Facts and Myths About Foods for Colds and Flu
You may turn to large doses of vitamin C during the winter months to avoid getting sick, but unfortunately this doesn’t work. Where vitamin C may have some merit is in its ability to shorten the duration of a cold once you’re already under the weather. Vitamin C is also an antioxidant—those anti-inflammatory properties may assist with swollen sinuses.
Much like vitamin C, there’s not enough evidence to support that taking in extra zinc will keep sickness at bay. Meeting daily needs for zinc is important for a healthy immune system, however exceeding these daily requirements can be toxic. Back in 2009, the FDA warned consumers to stay away from zinc nasal sprays after studies found they could damage the sense of smell.
Even though you might not be able to taste your food very well, it's important to stay fueled and hydrated when you’re under the weather. It seems like a silly saying but you actually need those calories to heal. Extra doses of antioxidant-rich fruits and veggies certainly wouldn’t hurt either.

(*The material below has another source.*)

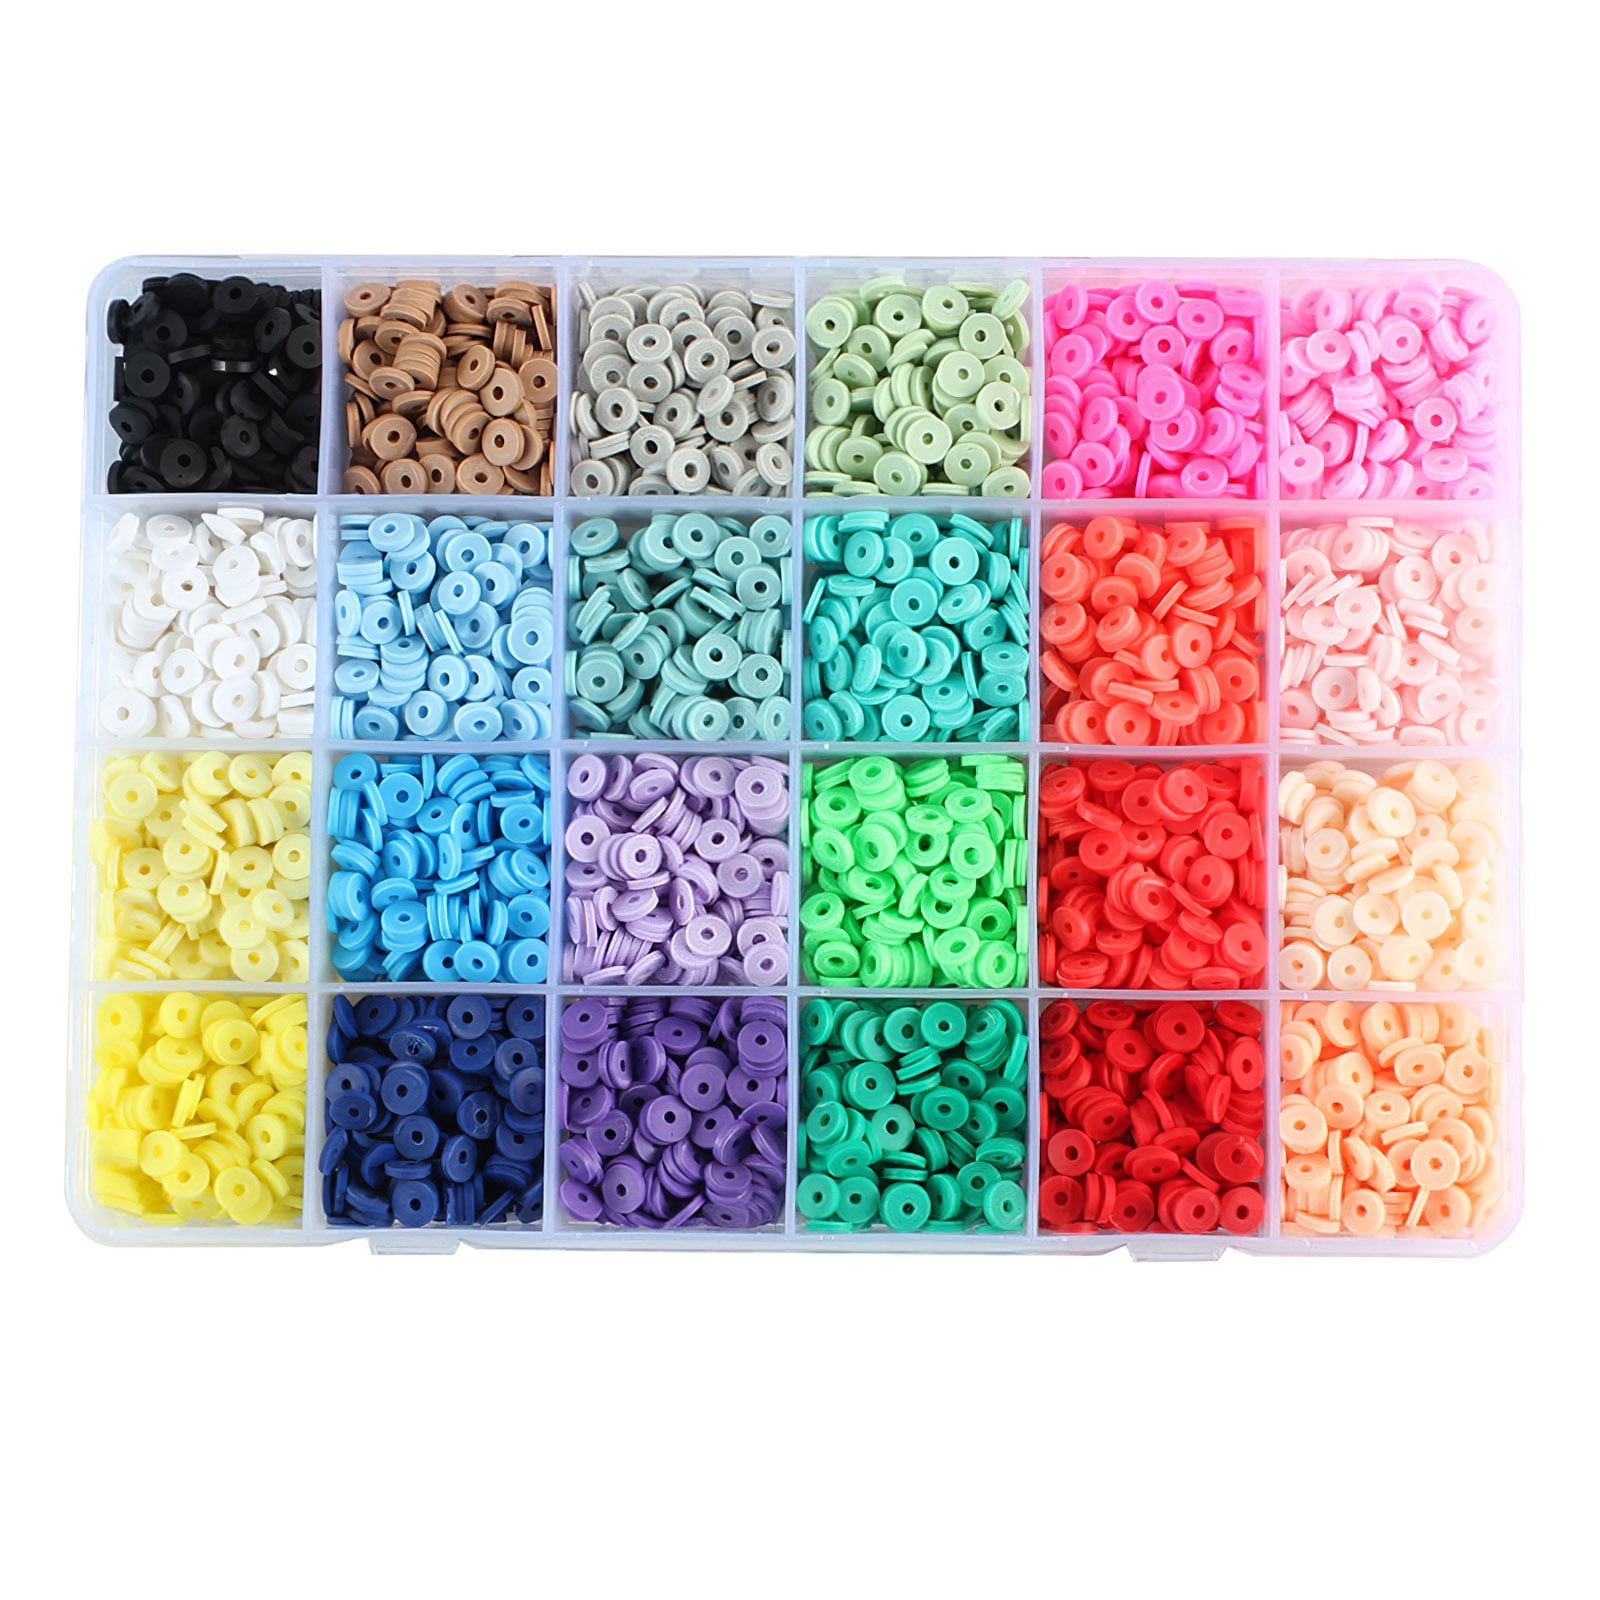  Quefe 4800pcs Clay Beads for Jewelry Making, 48 Colors

There’s no science to back up that depriving calories can help treat fever. While hunger pangs may be diminished, simply eat if you’re hungry! Small, light meals are fine if you can keep them down. Staying hydrated is also a must for fighting an infection.
According to the National Institute of Health, the healing benefits of chicken soup are numerous. Not only is grandma’s home remedy heart warming – it has properties that help fight inflammation. It also helps keeps you hydrated and mobilizes mucus.
Some swear that milk and other dairy products make a phlegmy illness go from bad to worse, but there’s no science behind it. In fact, most studies have found no relationship between eating dairy and increased production of mucus.